Head of Human Rights and Democracy Department, FCO

Part of FCDO Human Rights

19th May 2014 London, UK

Remembrance on the way to the coffee shop (what connects IHRA and R2P?)

Photo Credit, Flickr user Ted Aytan
Photo Credit, Flickr user Ted Aytan

My department moved offices last week – from rooms “in need of modernisation” on the third floor of the Foreign and Commonwealth Office, down to freshly refurbished accommodation on the grand first floor. We’re more densely packed down there (“warm-desking”), but morale is high and the coffee shop closer.

My new route to mid-morning latte takes me past a bronze sculpture I had not noticed before. The FCO is full of history – some of it indecipherable; some of it painfully familiar (like the plaque for colleagues who died in the bombing of our Istanbul Consulate). This newly noticed memorial turned out to be to members of the Diplomatic Service who had saved Jews from the Holocaust.

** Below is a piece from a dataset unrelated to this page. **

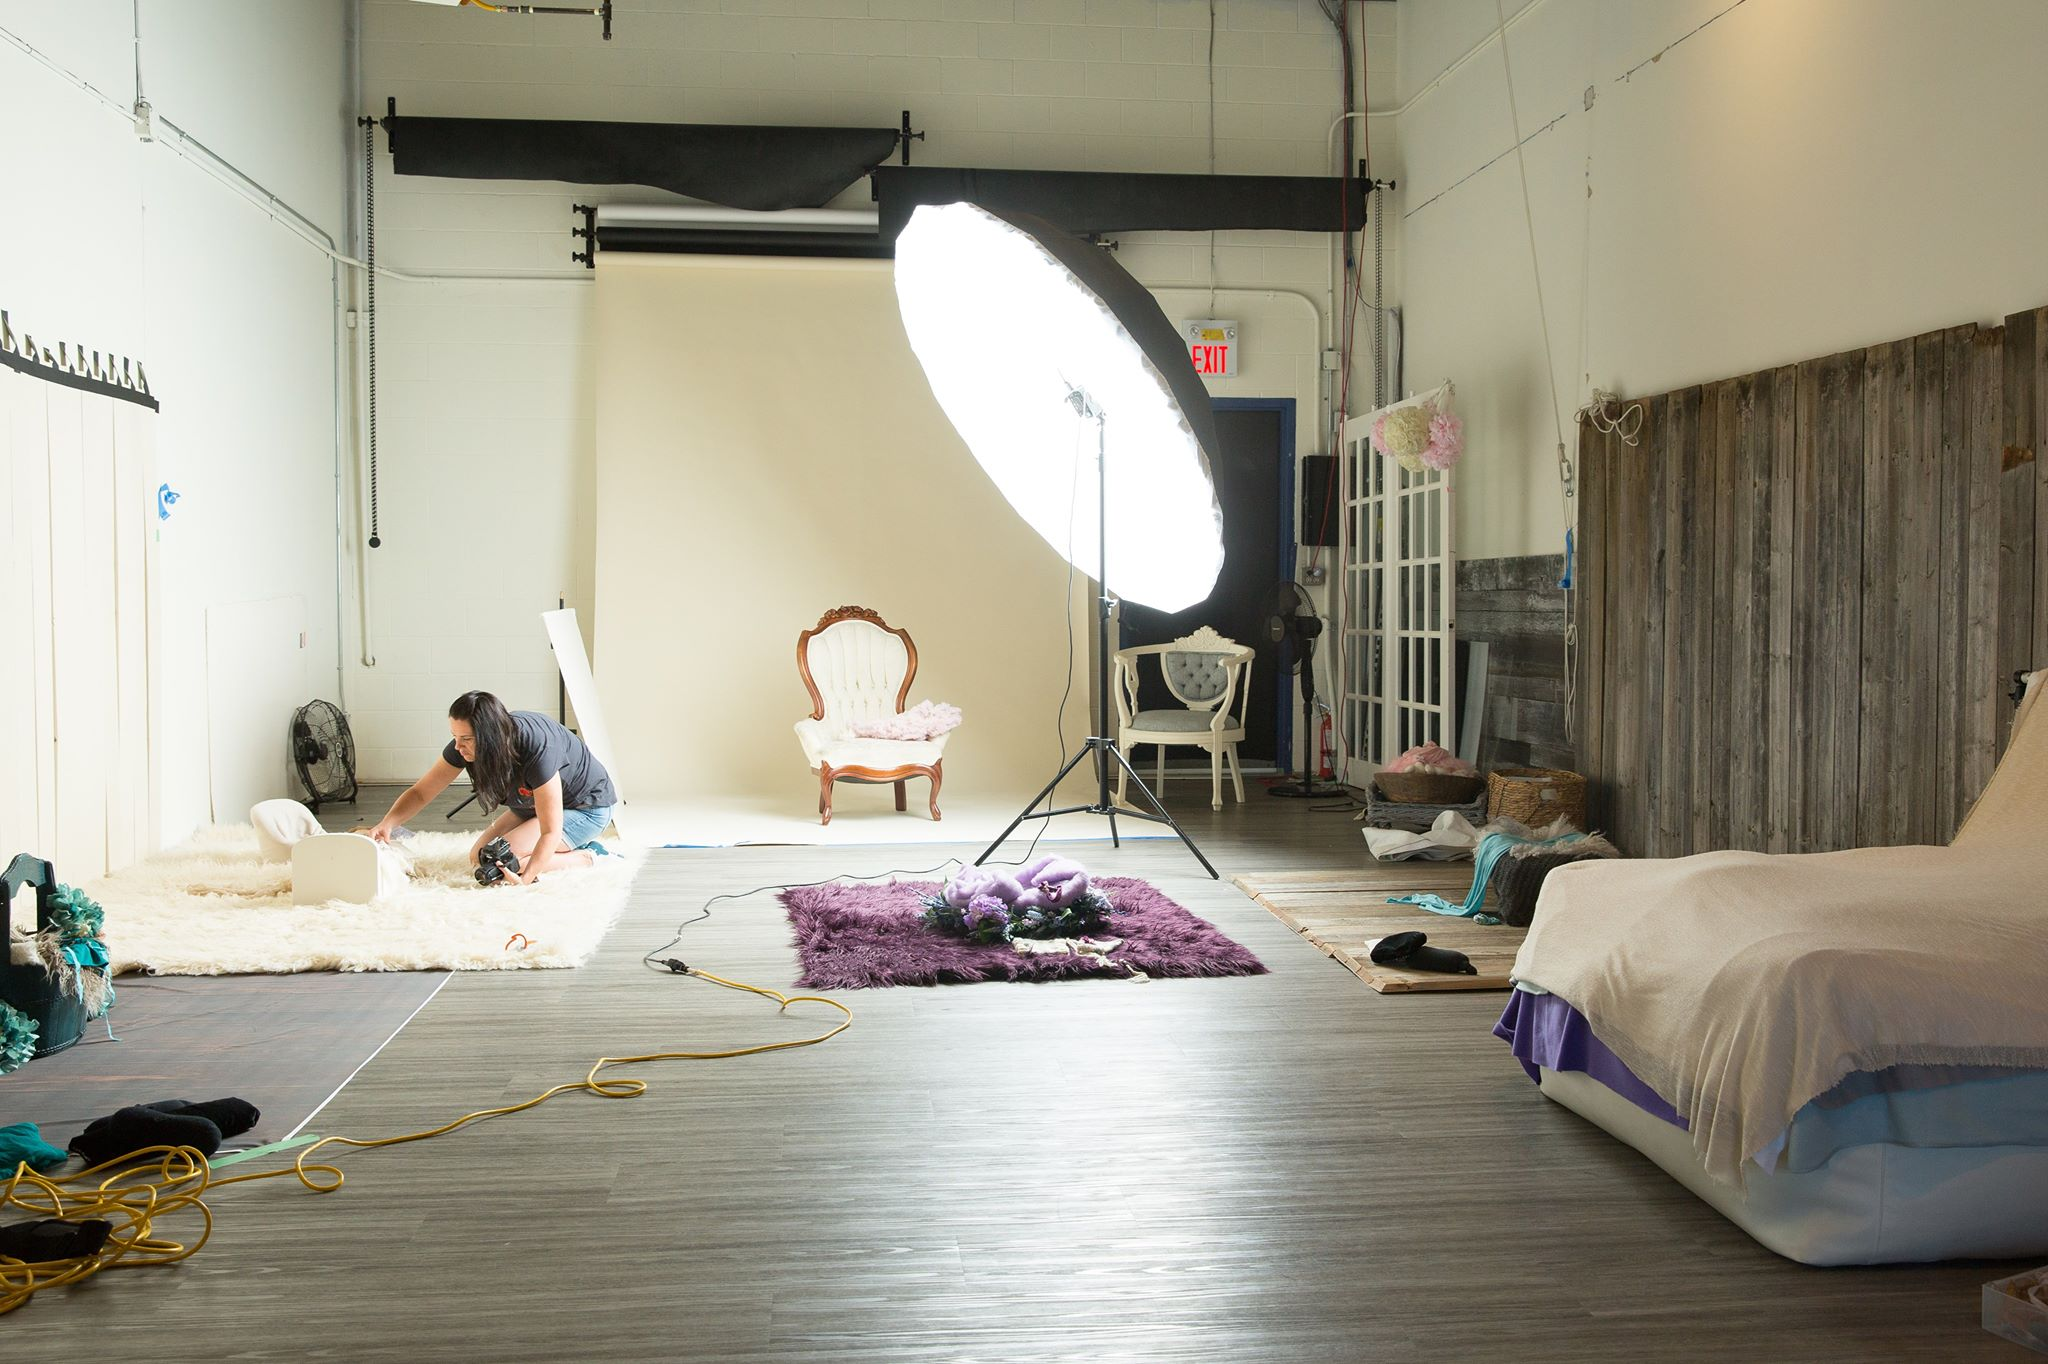 new studio anniversary, gemini visuals photography new studio space, south surrey photographer

I studied it with interest because I was on my way to a meeting of the International Holocaust Remembrance Alliance (IHRA), which the UK chairs this year. Later that evening I attended a seminar about Jan Karski, a diplomat who warned his government in exile and the Allies about death camps in occupied Poland.

The debate suggested that the Allies could not have saved millions. At the time Karski raised the alarm the battle of El Alemein was in the future, the Russian Army was in retreat on the Eastern Front, there were no British or American soldiers on the continent of Europe, and we had no fighters capable of escorting bombers as far as Auschwitz.

But we might have saved thousands. That the Holocaust ran its course was partly a failure of imagination. When Karski’s story was published in British newspapers, most people found it impossible to believe.

If we couldn’t believe it then, with the horrors of war all around, how much harder for people to comprehend today – so that we stand a better chance of preventing the next atrocity to follow in its wake, like the genocide in Rwanda (a twentieth anniversary marked last month in the UN Security Council).

That’s why IHRA’s work is so important – to ensure that the Holocaust is believed, taught and stared in the face. It’s no easy task, our conference showed, even for the self-selecting group of IHRA member states. A delegate from central Europe explained contemporary problems by referring to his region’s “twisted history”. He contrasted it with the UK’s history, which had run “straight ahead since at least 1066”.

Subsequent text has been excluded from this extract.